What is required: The whole listing below should be retyped exactly, without any images.

Available data:
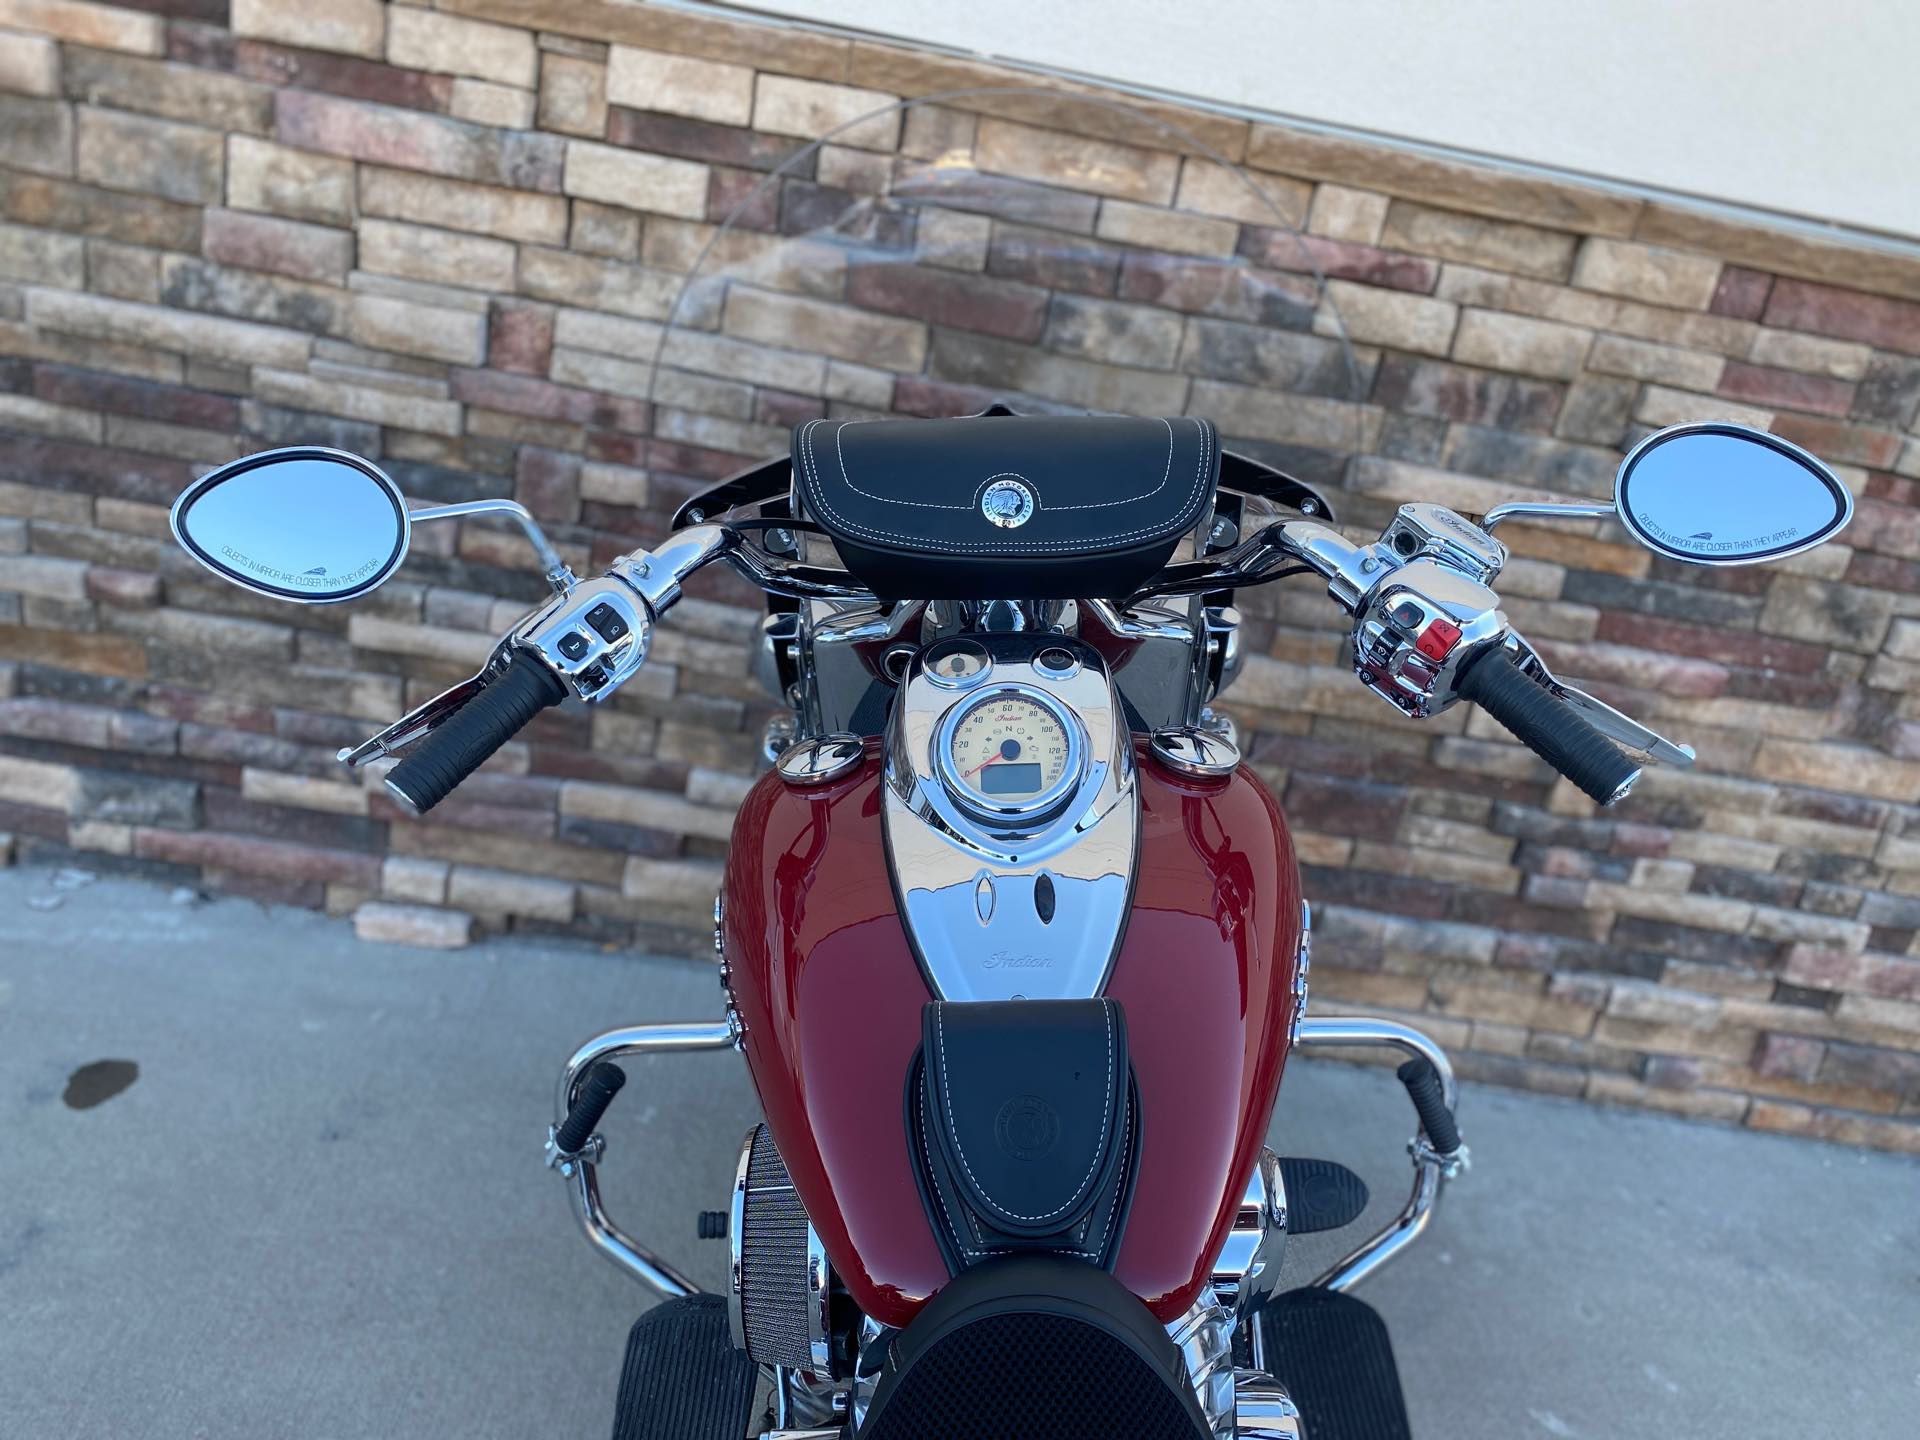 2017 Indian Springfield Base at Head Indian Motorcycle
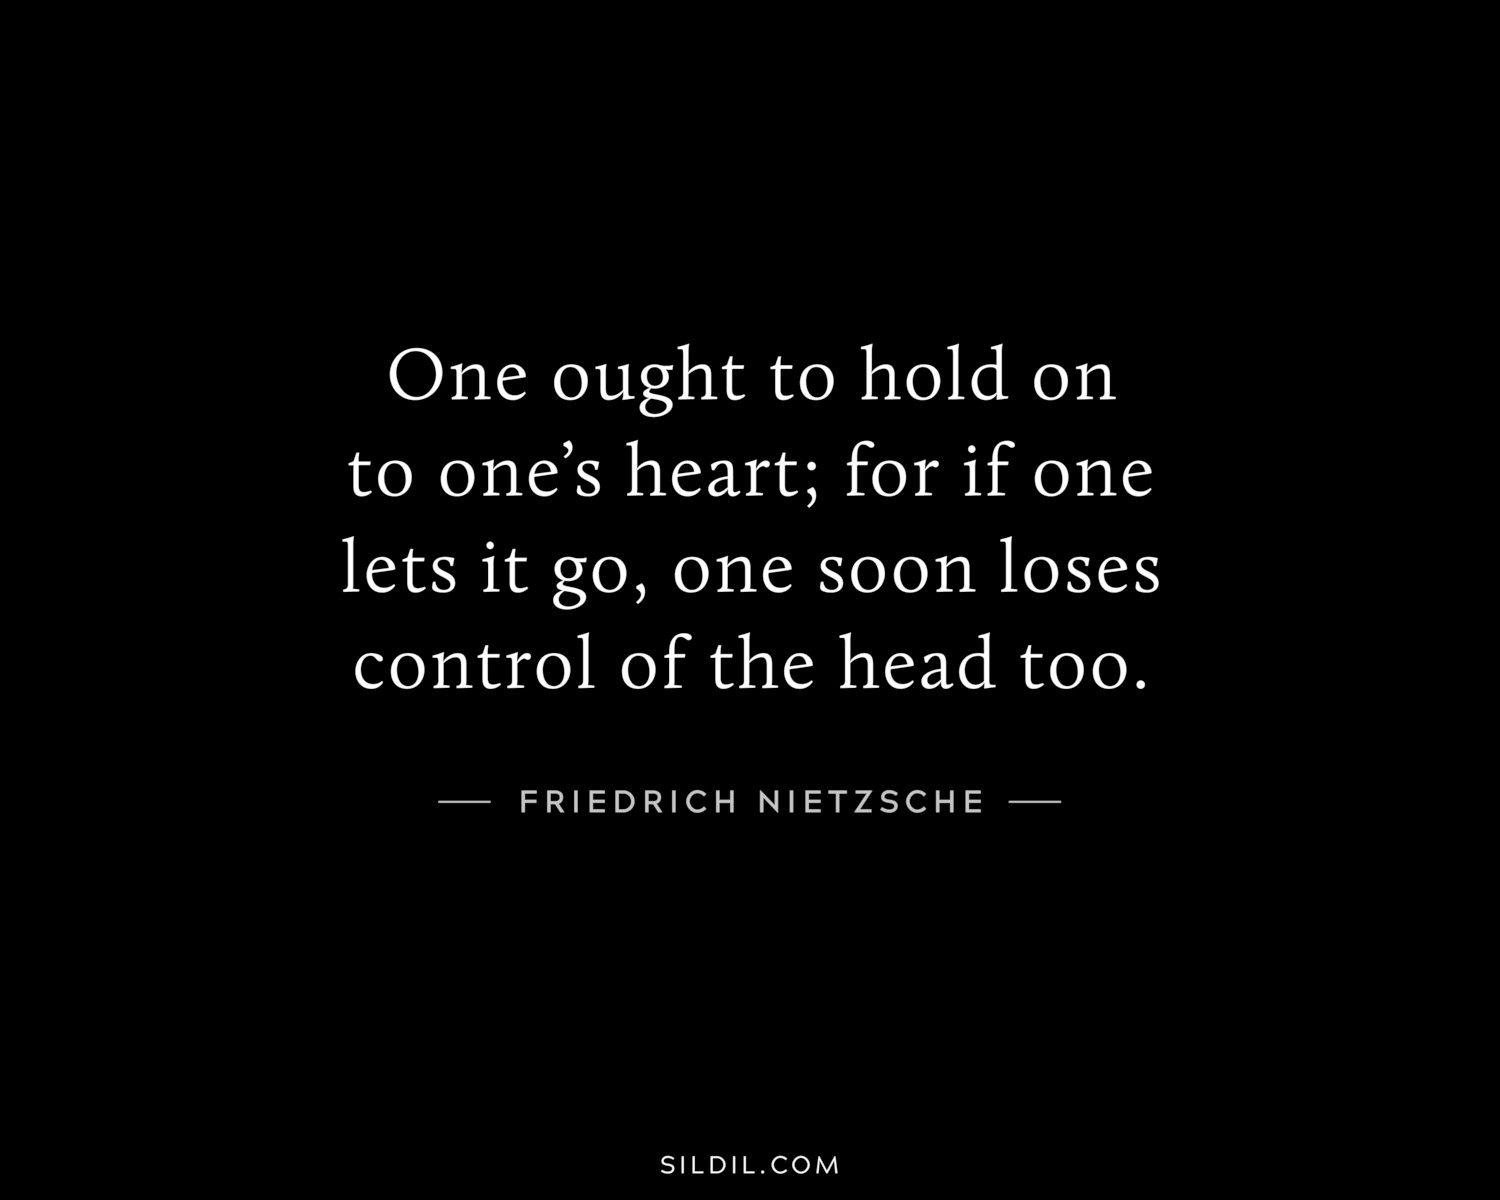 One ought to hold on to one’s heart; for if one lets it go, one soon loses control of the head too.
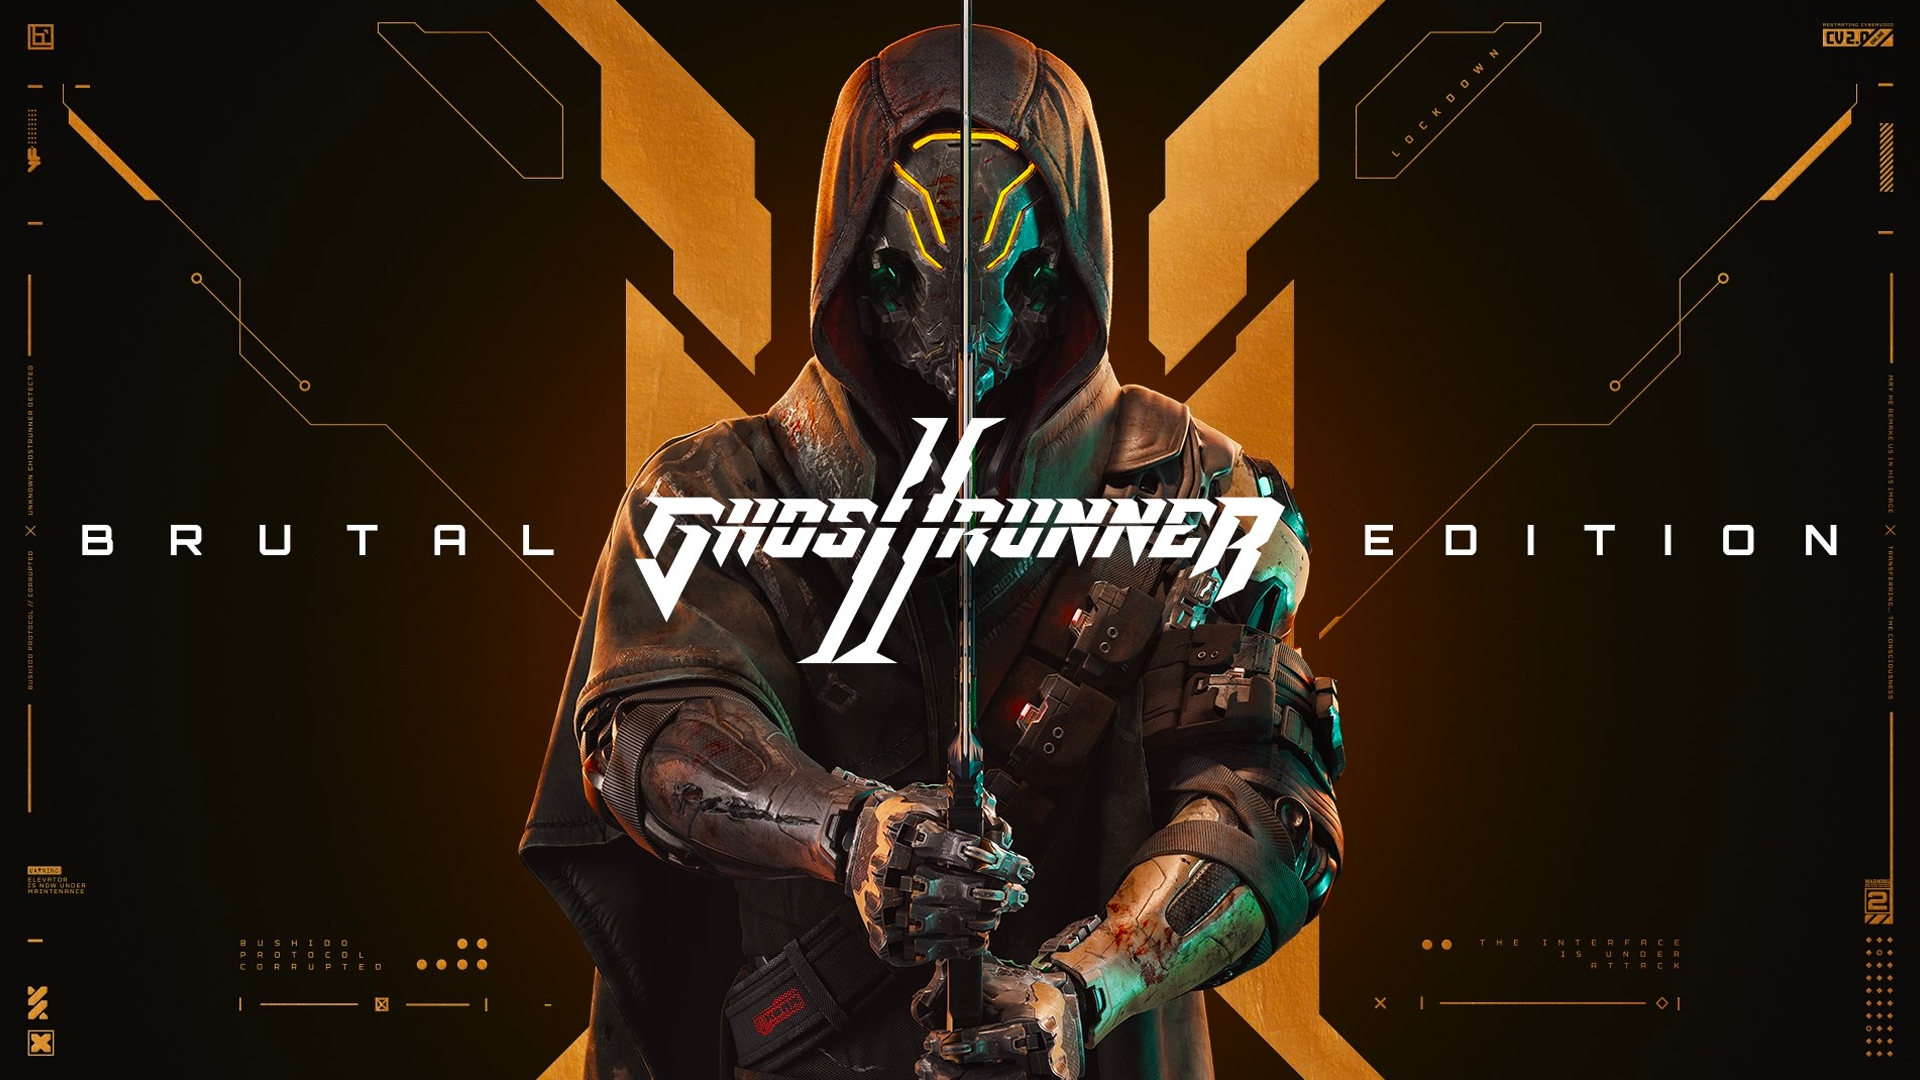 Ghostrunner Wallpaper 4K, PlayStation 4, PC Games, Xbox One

Completed task:
 2017 Indian Springfield Base at Head Indian Motorcycle
 One ought to hold on to one’s heart; for if one lets it go, one soon loses control of the head too.
 Ghostrunner Wallpaper 4K, PlayStation 4, PC Games, Xbox One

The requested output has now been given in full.